PALM BEACH, FLA. — Patients with Hashimoto's thyroiditis had a threefold increased risk of also having a well-differentiated thyroid cancer as compared with other patients undergoing thyroid resection, based on a review of 802 patients treated at one center.

The review also found no link between Hashimoto's thyroiditis (HT) and thyroid lymphoma. Both findings diverge from prior reports by other groups, which documented a high lymphoma incidence but no increased rate of papillary or follicular thyroid cancers, Dr. B. Mark Evers said at the annual meeting of the Southern Surgical Association.

“It makes sense that there is an association between the inflammation of Hashimoto's thyroiditis and well-differentiated cancers, as in the stomach and colon,” said Dr. Evers, professor of surgery at the University of Texas, Galveston. “I'm not sure why we saw more [of an association] than the published literature.”

“This is an important observation. It's discordant with most of the published literature,” said Dr. Robert Udelsman, professor and chairman of surgery at Yale University, New Haven, Conn.

Dr. Evers and his associates reviewed all patients who had a thyroid resection at his institution during 1987–2002. The 802 patients included 155 patients with a well-differentiated thyroid cancer only, 52 with HT only, 43 with both thyroid cancer and HT, and 552 who underwent a resection for another reason, often for laryngectomy. Papillary cancers were 88% of all thyroid cancers, and follicular were another 7%.
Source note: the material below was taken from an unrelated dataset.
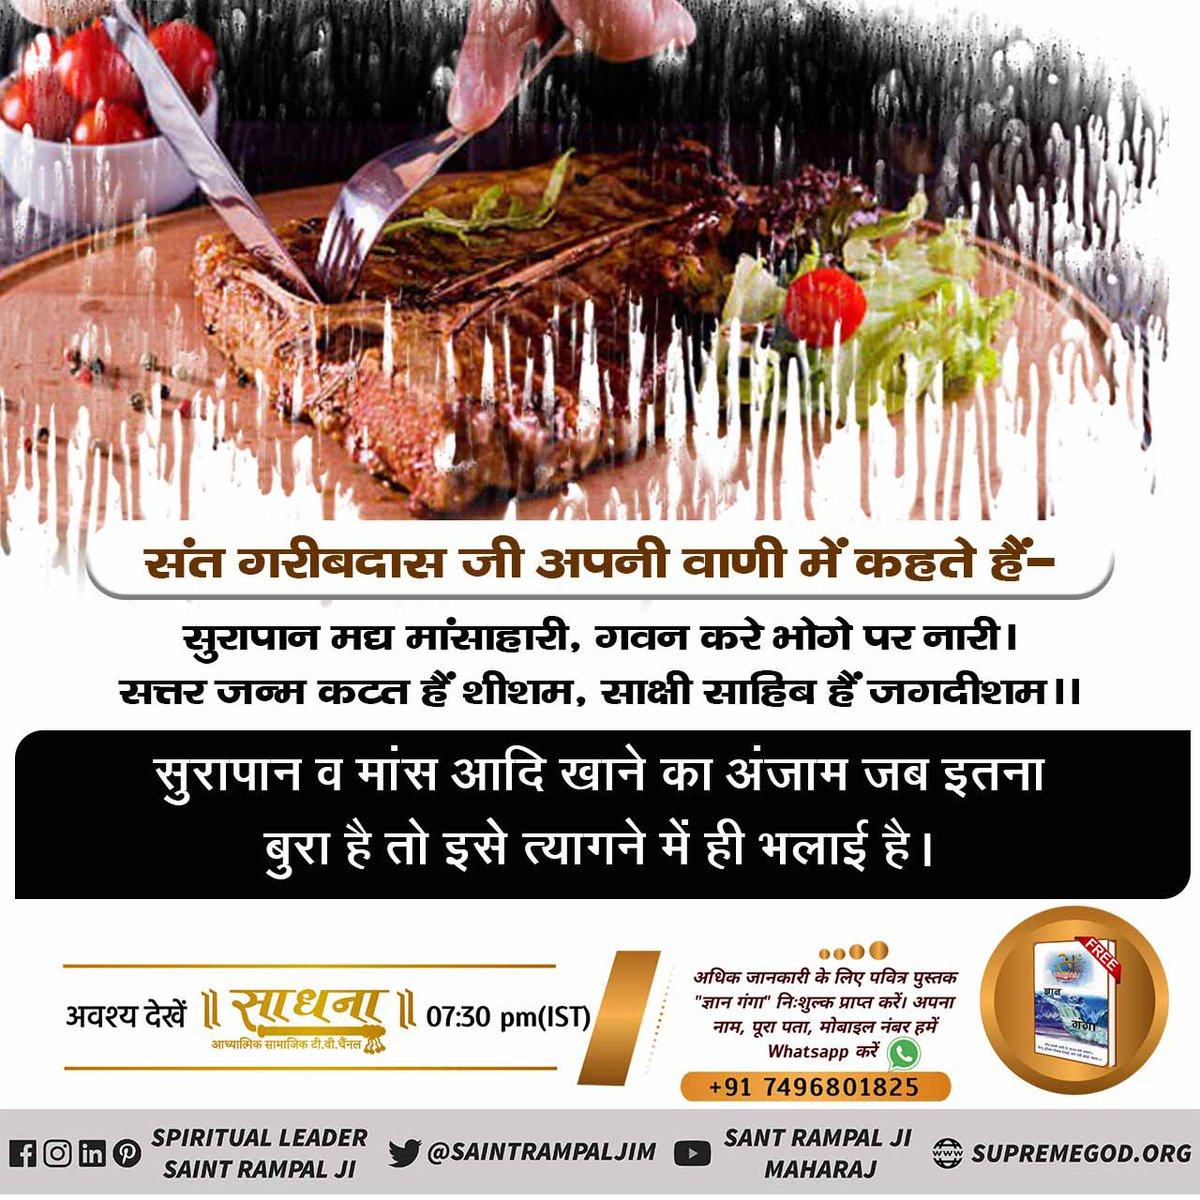 #GodMorningFriday  Don't Eat Meat  More information please visit satlok ashram youtube channel. https://t.co/wk9555Gh4G
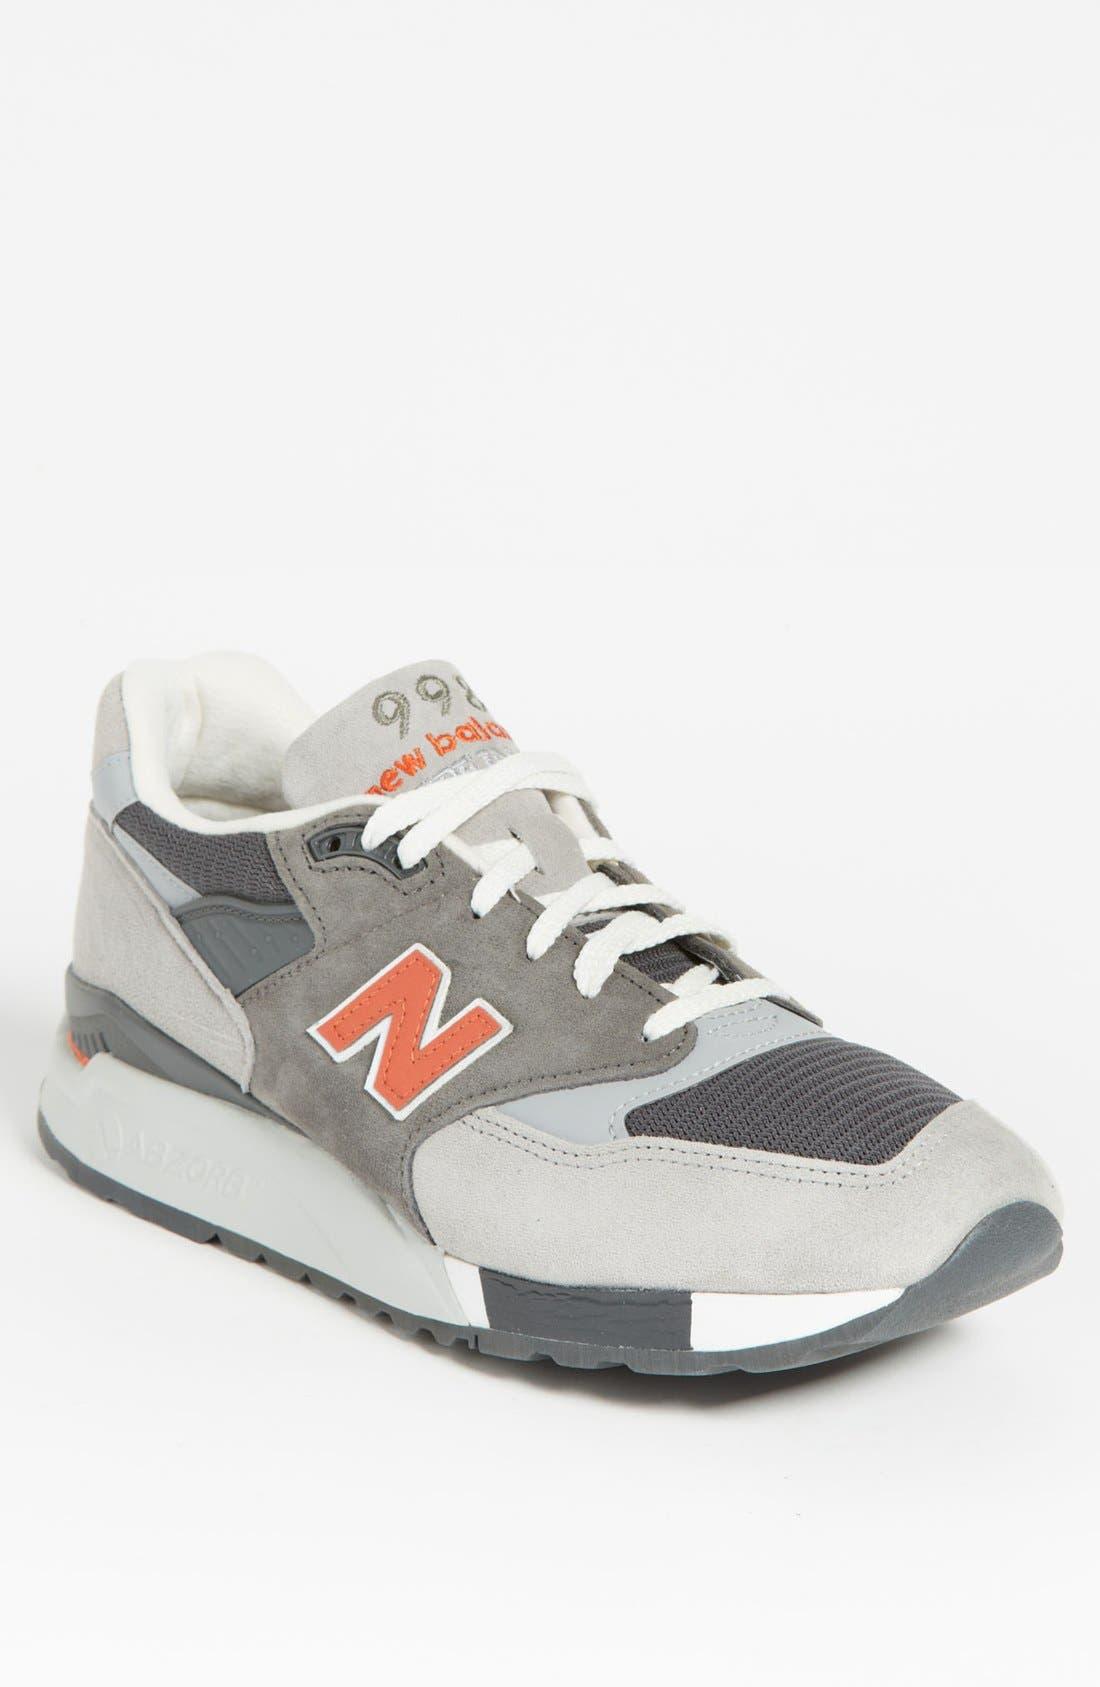 Main Image - New Balance '998' Sneaker (Men)

Thyroid cancer was about three times as common in patients with Hashimoto's thyroiditis as in those in the series without HT, “a strong link between inflammation and thyroid cancer,” said coinvestigator Dr. Shawn D. Larson, a surgeon at the University of Texas, Galveston.

Further analysis showed no association between HT or thyroid cancer and age, gender, race, or tumor size or aggressiveness.

Comparison of the demographic and clinical profile of the thyroid cancer patients treated in the Galveston study with that of more than 22,000 thyroid cancer patients in a National Cancer Institute database showed that the Galveston patients were typical.

Two proteins involved in cell growth and inflammatory responses were elevated to similar levels in patients with Hashimoto's thyroiditis and those with thyroid cancers, Dr. Evers said.